■ TASK PROMPT ■
Write out every line of the material as it stands, apart from the pictures.

*** GIVEN INFORMATION ***

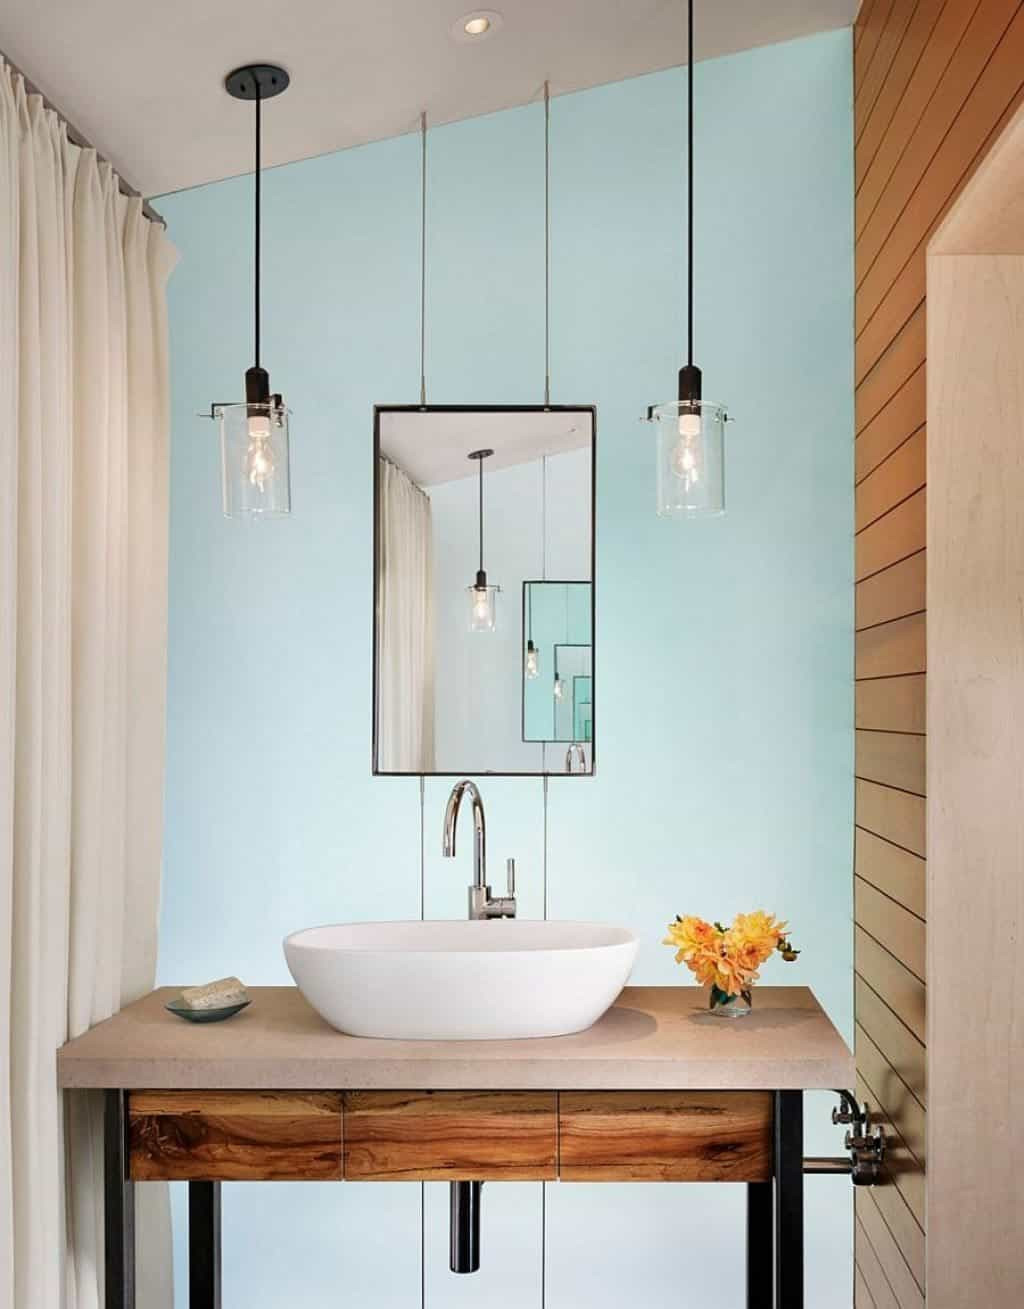 Bathroom Over Vanity Lighting
 Bathroom Using Hanging Glass Pendants Over Vanity With
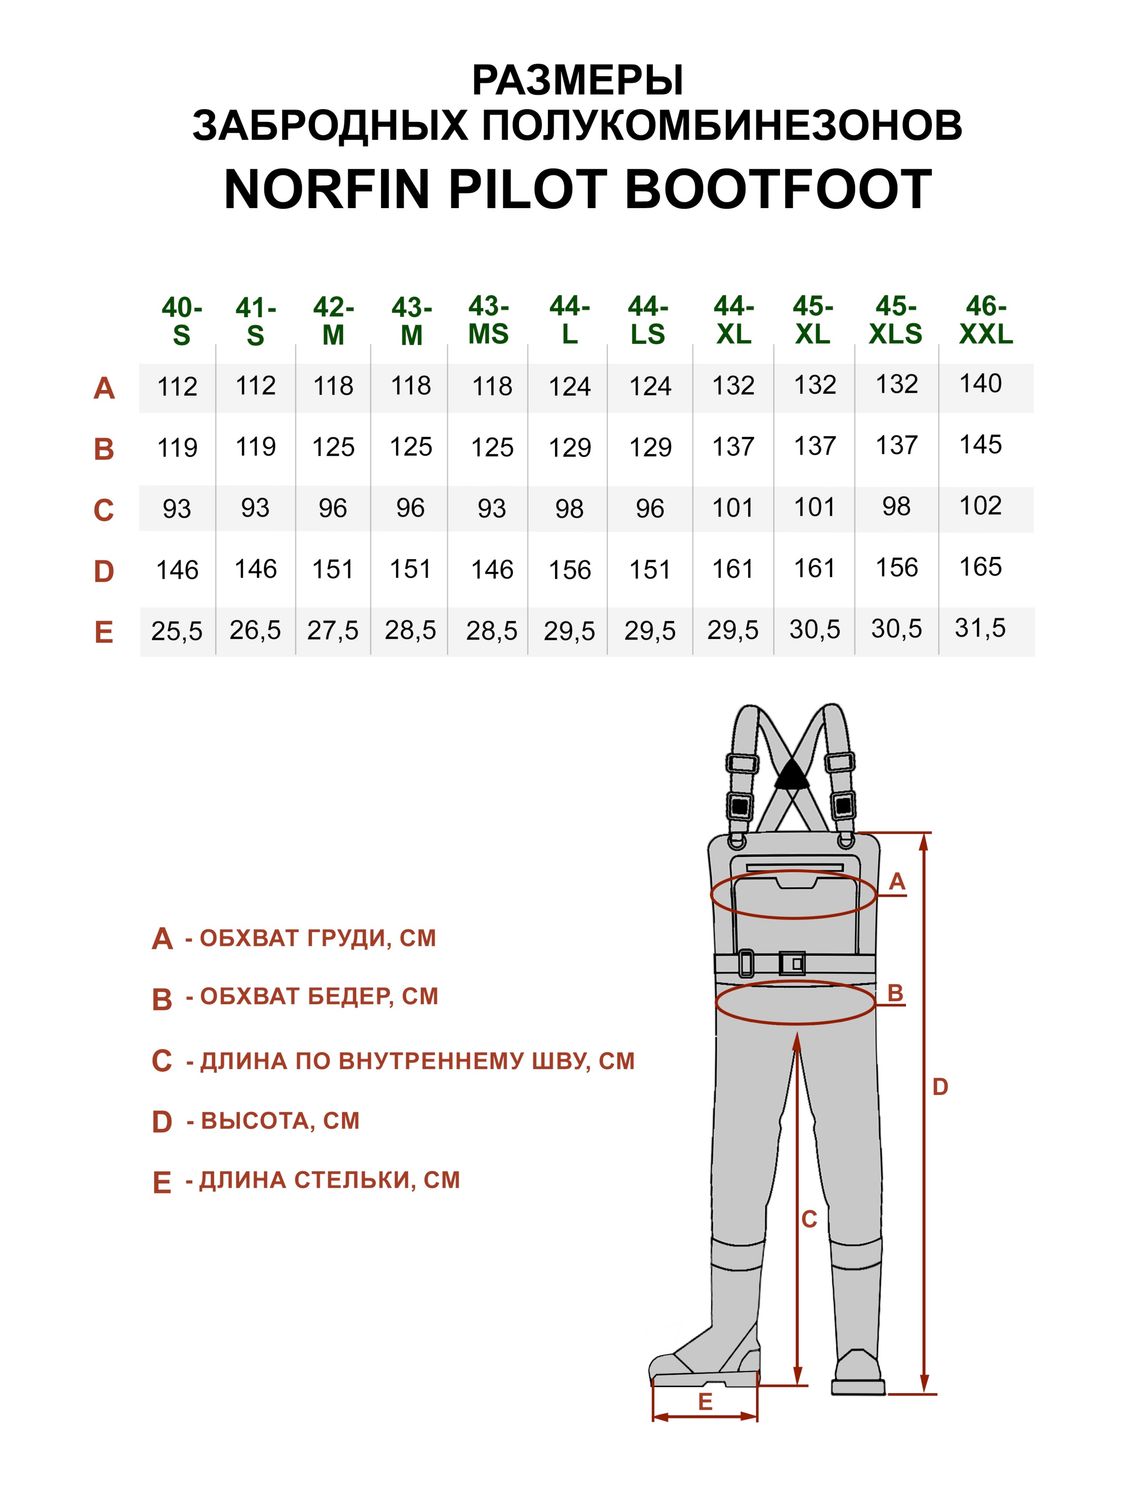 Norfin Pilot Bootfoot

*** End of GIVEN INFORMATION ***

■ RESPONSE TO THE EXERCISE ■
 Bathroom Over Vanity Lighting
 Bathroom Using Hanging Glass Pendants Over Vanity With
 Norfin Pilot Bootfoot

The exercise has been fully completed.